2016-02-04T14:12:58.701Z vsan-c02-n02 vmkernel: cpu2:4610842)WARNING: lsi_mr3: fusionReset:2641: megaraid_sas: resetting fusion adapter.
2016-02-04T14:12:58.701Z vsan-c02-n02 vmkernel: cpu2:4610842)WARNING: lsi_mr3: fusionReset:2668: megaraid_sas: Reset not supported, killing adapter.
vsphere 6.0u1b, esxi on 6.0u1a, h730 driver is 6.606.12.00-1OEM, already following KBs 2136374, 2135494, 2109665 and all hardware+firmware is HCL.
We had another all disk group failure on Saturday our selves.
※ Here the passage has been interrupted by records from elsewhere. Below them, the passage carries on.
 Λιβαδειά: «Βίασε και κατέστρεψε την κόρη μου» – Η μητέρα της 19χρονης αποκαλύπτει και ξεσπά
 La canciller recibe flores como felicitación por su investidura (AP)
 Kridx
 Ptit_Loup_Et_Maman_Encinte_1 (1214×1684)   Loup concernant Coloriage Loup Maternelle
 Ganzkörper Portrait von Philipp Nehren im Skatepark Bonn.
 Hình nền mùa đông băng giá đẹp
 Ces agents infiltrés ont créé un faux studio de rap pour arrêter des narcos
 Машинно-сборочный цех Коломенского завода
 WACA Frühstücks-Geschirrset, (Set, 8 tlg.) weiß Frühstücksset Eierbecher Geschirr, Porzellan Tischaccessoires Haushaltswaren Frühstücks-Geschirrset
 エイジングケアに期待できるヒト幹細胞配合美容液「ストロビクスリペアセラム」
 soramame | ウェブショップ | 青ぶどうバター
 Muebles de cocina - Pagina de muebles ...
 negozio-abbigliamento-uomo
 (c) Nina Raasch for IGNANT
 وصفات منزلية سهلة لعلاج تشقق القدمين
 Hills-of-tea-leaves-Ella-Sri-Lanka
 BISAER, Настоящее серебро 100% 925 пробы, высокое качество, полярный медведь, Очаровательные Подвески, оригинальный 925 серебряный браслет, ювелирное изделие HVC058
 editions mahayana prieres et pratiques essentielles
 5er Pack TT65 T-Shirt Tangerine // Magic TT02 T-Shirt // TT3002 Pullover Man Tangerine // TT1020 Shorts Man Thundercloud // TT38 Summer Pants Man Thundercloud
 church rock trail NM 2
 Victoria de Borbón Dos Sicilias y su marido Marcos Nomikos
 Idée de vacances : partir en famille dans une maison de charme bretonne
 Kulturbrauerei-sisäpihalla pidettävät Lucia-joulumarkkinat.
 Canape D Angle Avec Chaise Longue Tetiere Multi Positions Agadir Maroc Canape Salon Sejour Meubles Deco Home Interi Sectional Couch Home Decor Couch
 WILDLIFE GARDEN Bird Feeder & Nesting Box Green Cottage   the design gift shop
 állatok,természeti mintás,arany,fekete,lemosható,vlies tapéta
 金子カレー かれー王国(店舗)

One disk didn't come back online and Dell replaced it. I haven't heard back on possible reason(s) why - uploaded logs to my case earlier in the week. I'll let you know what I hear.
Quick question. Are you using the PERC730, or the 730 Mini (the weird mezzanine card one).
Also you said Dell replaced it, what did they replaced (The controller, the mid-plane, a full hero kit?)
We're using the Mini:
PERC H730 Mini (Embedded)
Dell has a beta driver available that resolves this particular PSOD/crash. I would suggest requesting that your Dell support case be escalated to Dell IPS as their escalated/high level support should be well aware of this fix.
Thanks, have requested on my support case..
You're welcome Alain. Further, if you know have a VMware support case and know the number, I can try to speed up the process of obtaining that driver for you. If you'd like to keep it private you can send it to me with a direct message on this board.
Do you have any SNMP/OpenManage logs for what the temprature was like on the PERC mini when things went south. I'm curious if they spiked. Also what are you seeing as the normal operating temperature range.
Thanks for the offer, our VMWare support is provided by Dell as part of our Pro Support so to sure it'll help.